Volume 1 - Main Report Page 2-3: Under item (1), second bullet, what is the basis for stating that it is considered extremely unlikely that the relief and/or safety valves (underline added) will fail to lift near their setpoints?

Under item (2), first bullet, provide the reference for the B&W analysis which shows that, if the EFS does not start automatically, the ocerator has approximately 20 minutes to manually start it to prevent the safety valves from lif ting.

It was cur impression that the PORV opens early in the case of a LOFW with failure of EFS to auto-start. This would imply that the safety valves would be challenged before 20 minutes into the transient.

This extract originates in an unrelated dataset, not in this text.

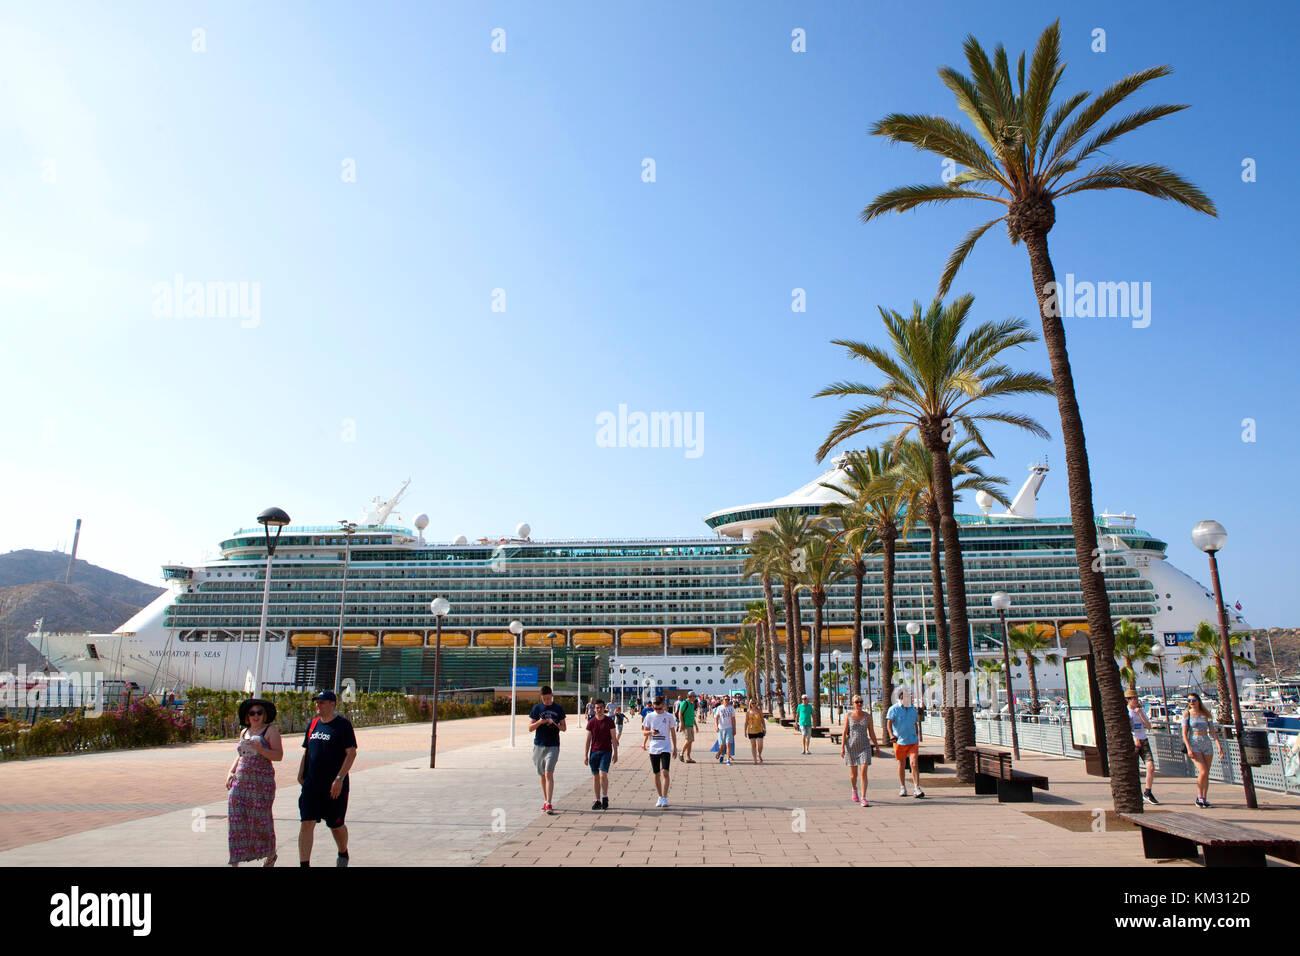 Royal Caribbean Navigator of the Seas cruise ship berthed at Cartagena city in Spain - Stock Image

Under Item (2), second bullet, according to the analysis reported in NUREG-0565, other operator acticn is required at about 40 minutes into the transient.

Was this additional operator action considered when the decision was made to eliminate this set of transient-induced LOCAs from consideration?

Under item (2), last paragraph, it is difficult to understand the statement about how the sequence can occur, especially in light of additional required operator action at 40 minutes, as discussed previously.

Pages 2-3 & 2-4: Under ATWS sequences resulting in core melt, we question the decision to omit these sequences from consideration. Our specific comments are as follows:

(1) Early B&W analyses (BAW-10099) showed the calculated pressures during an ATWS event to be quite high, in fact in excess of 4000 psig (these analyses did not assume any additional single failures).

(2) What are the bases for the conclusions that:

(a) RCS integrity will be maintained?

(b) Integrity of safety and relief valves will be maintained?

(c) Pump and vessel head seals will not fail?

(d) Steam generator _ tubes will not fail?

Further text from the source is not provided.